=== WHAT IS NEEDED ===
Keep the text of the data exactly as it is and omit each picture from the copy.
========
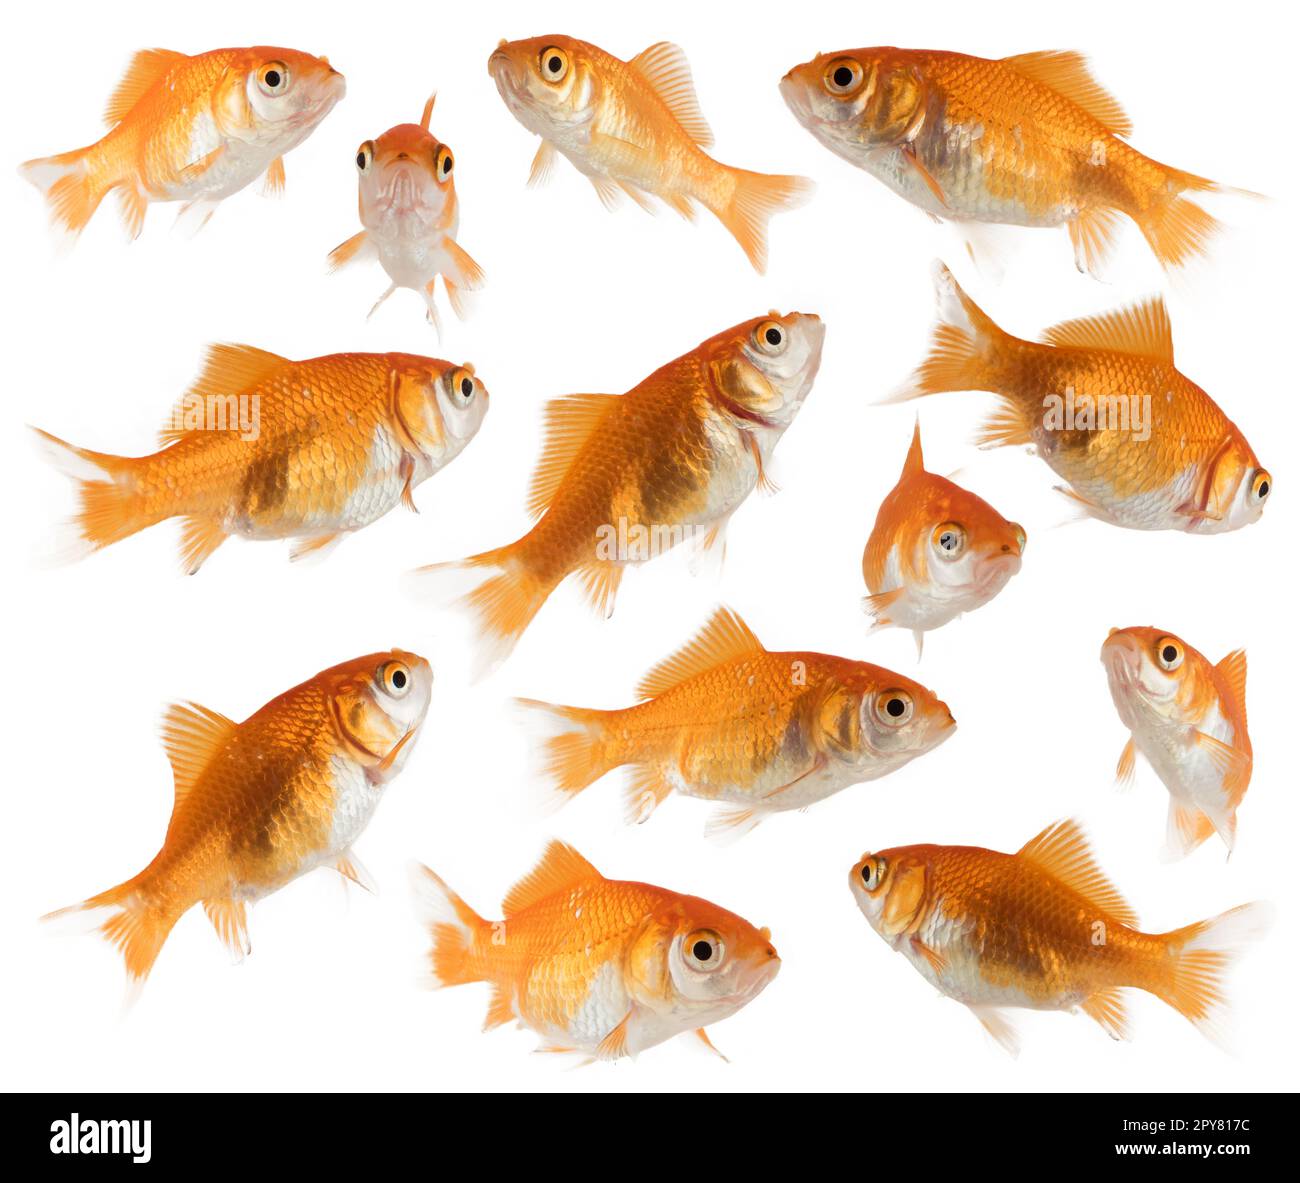 Immagine dei pesci d'oro dell'acquario che nuotano insieme Foto Stock
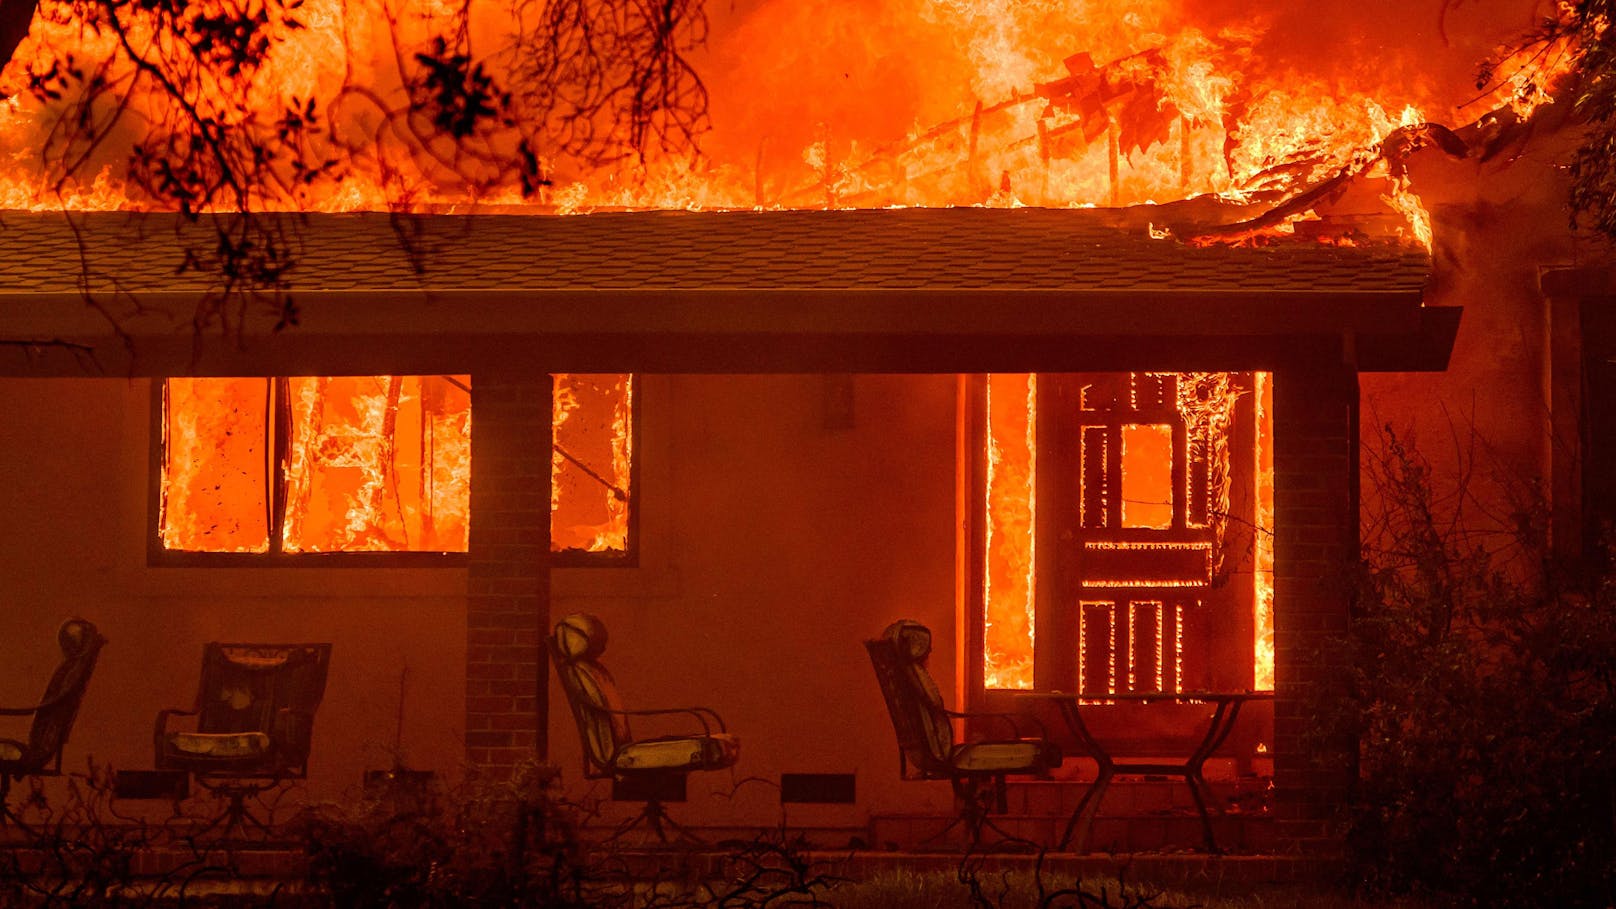 Das "Thompson"-Feuer verschlingt ein Wohnhaus in Kalifornien. Tausende sind bereits geflohen.
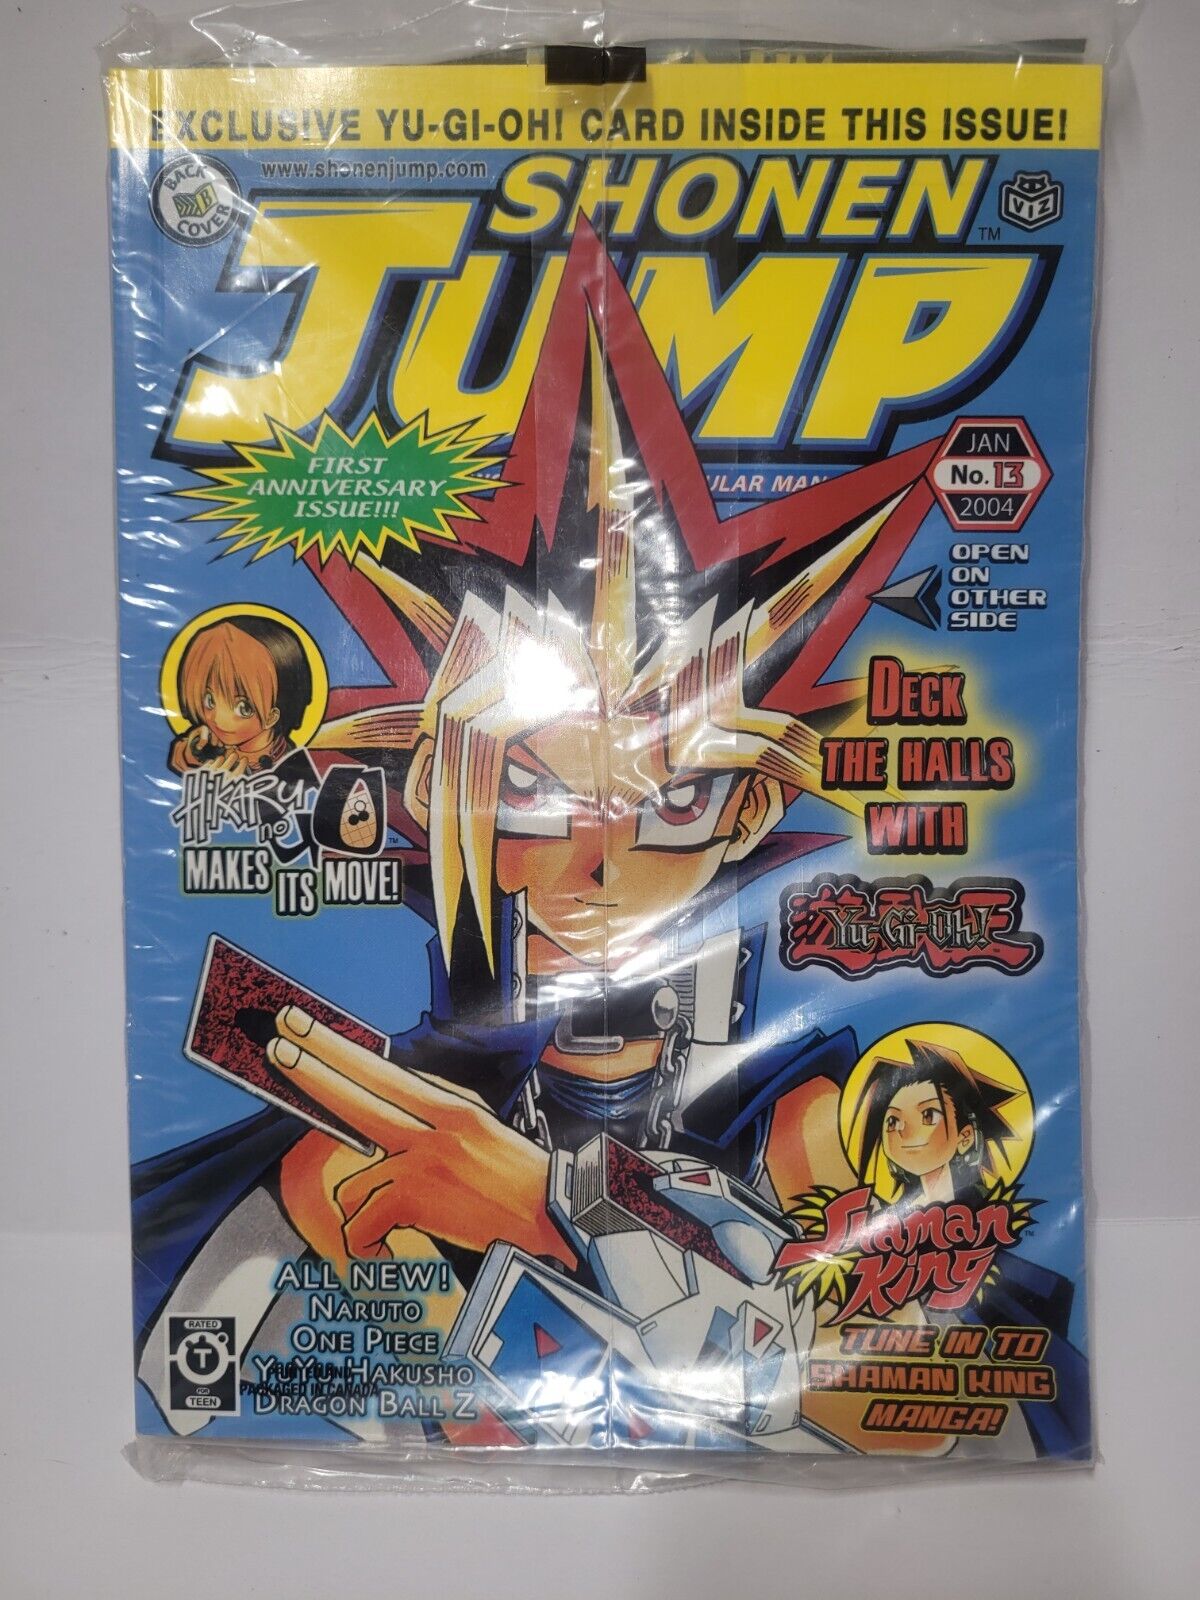 SEALED original 2004 January SHONEN JUMP manga with YU-GI-OH PROMO inside
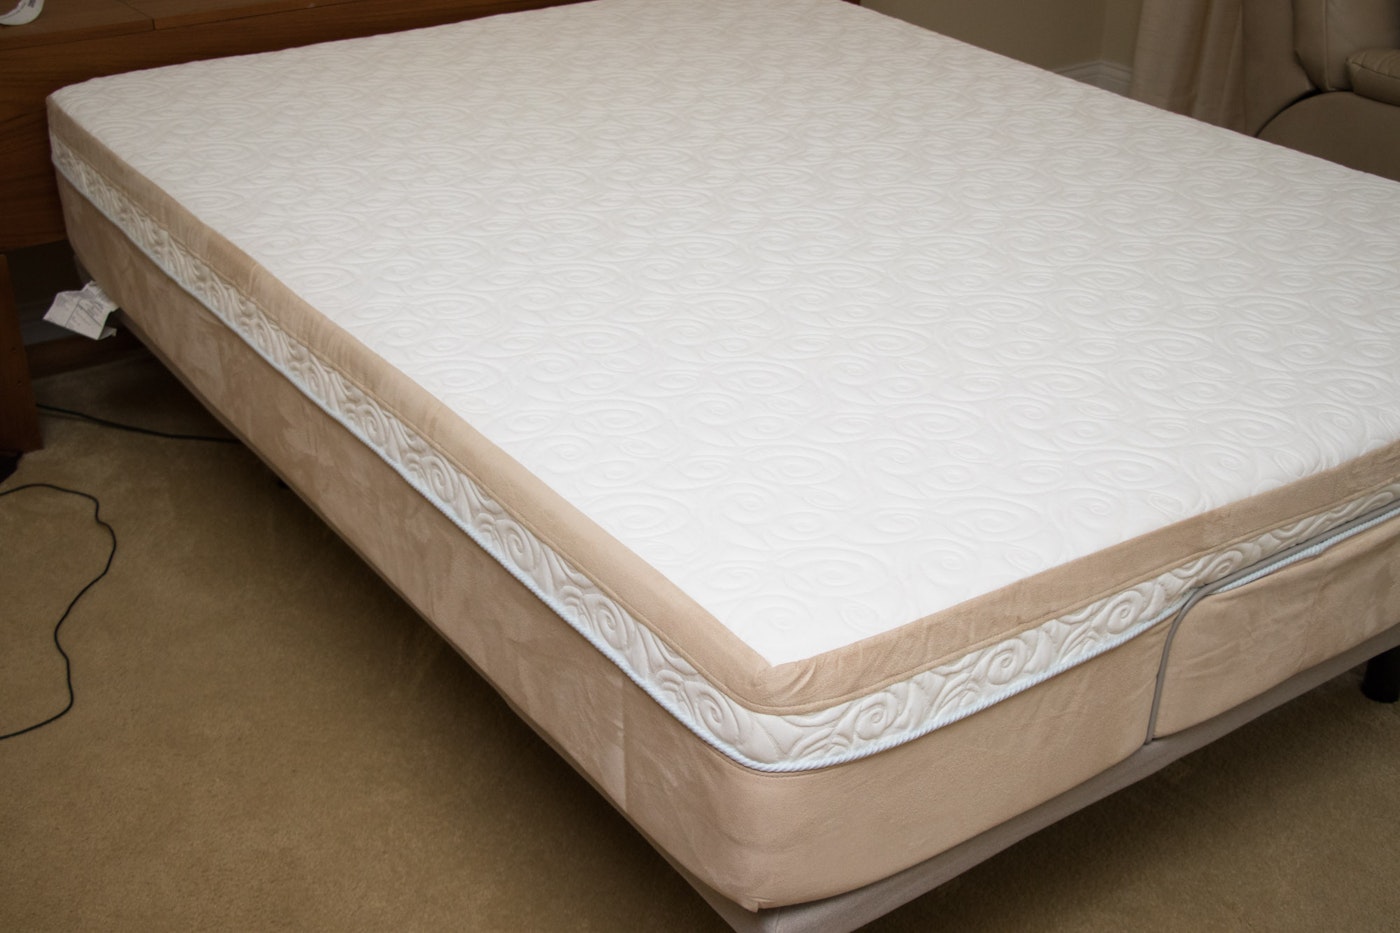 tempurpedic queen mattress firmness control system
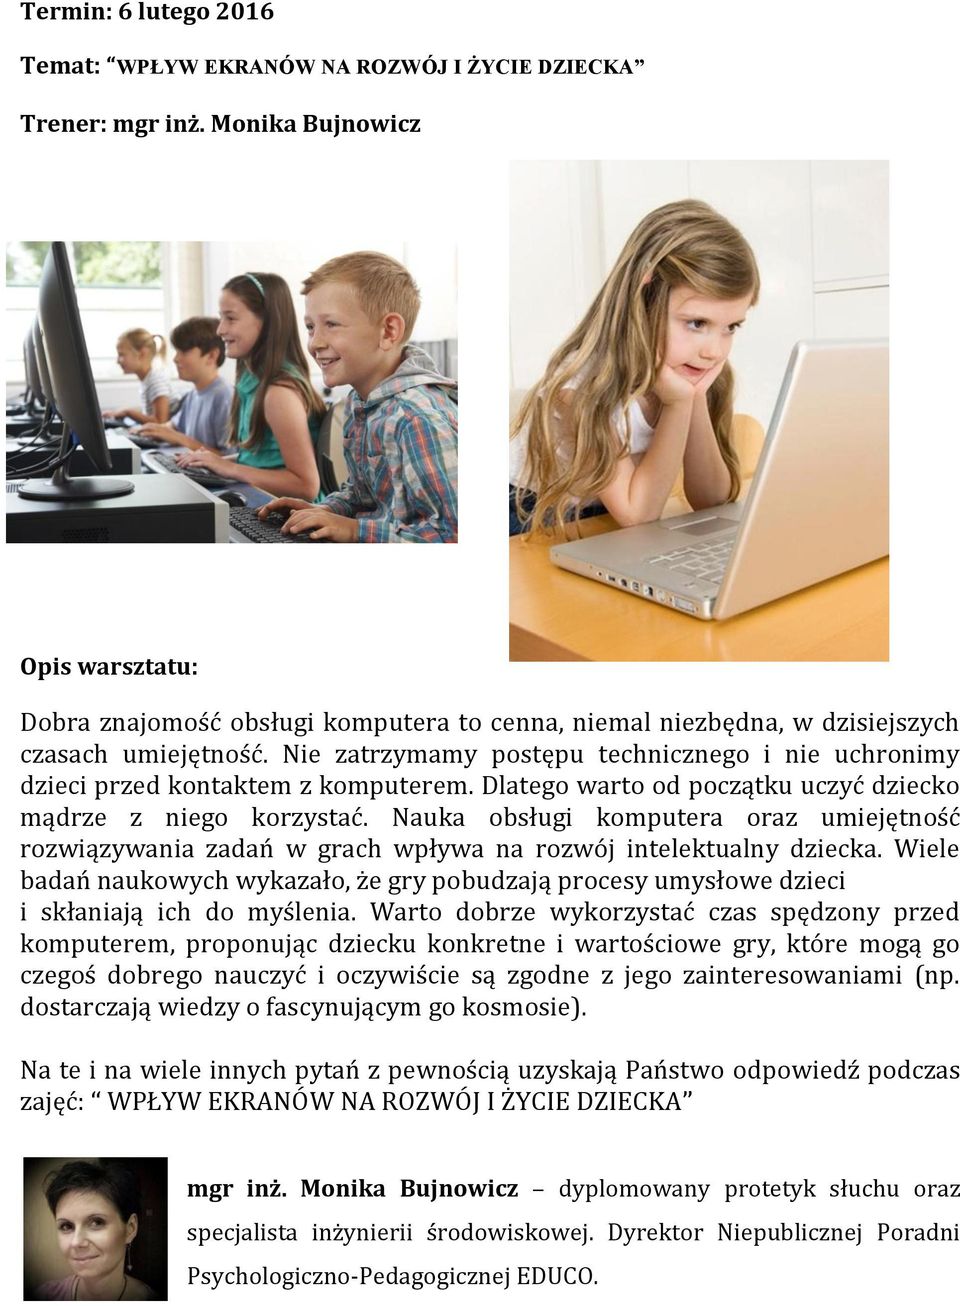 Nauka obsługi komputera oraz umiejętność rozwiązywania zadań w grach wpływa na rozwój intelektualny dziecka.
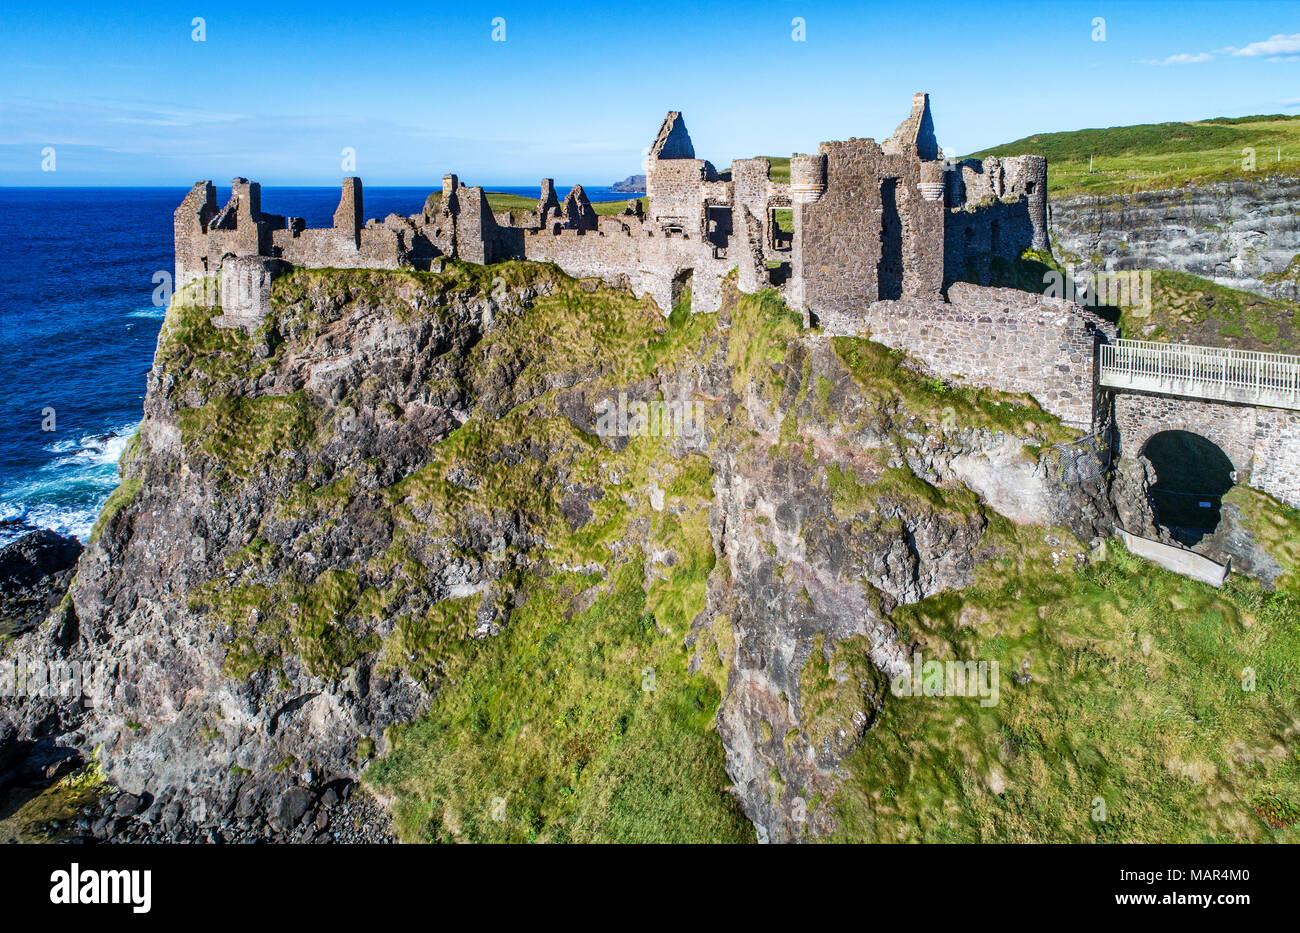 Die Ruinen der mittelalterlichen Dunluce Castle, Klippen, Buchten und Halbinseln. Der nördlichen Küste des County Antrim, Nordirland, Großbritannien. Luftaufnahme. Stockfoto
========
=== TASK RESULT ===
 Immagine dei pesci d'oro dell'acquario che nuotano insieme Foto Stock
 Das "Thompson"-Feuer verschlingt ein Wohnhaus in Kalifornien. Tausende sind bereits geflohen.
 SEALED original 2004 January SHONEN JUMP manga with YU-GI-OH PROMO inside
 tempurpedic queen mattress firmness control system
 Nauka obsługi komputera oraz umiejętność rozwiązywania zadań w grach wpływa na rozwój intelektualny dziecka.
 Die Ruinen der mittelalterlichen Dunluce Castle, Klippen, Buchten und Halbinseln. Der nördlichen Küste des County Antrim, Nordirland, Großbritannien. Luftaufnahme. Stockfoto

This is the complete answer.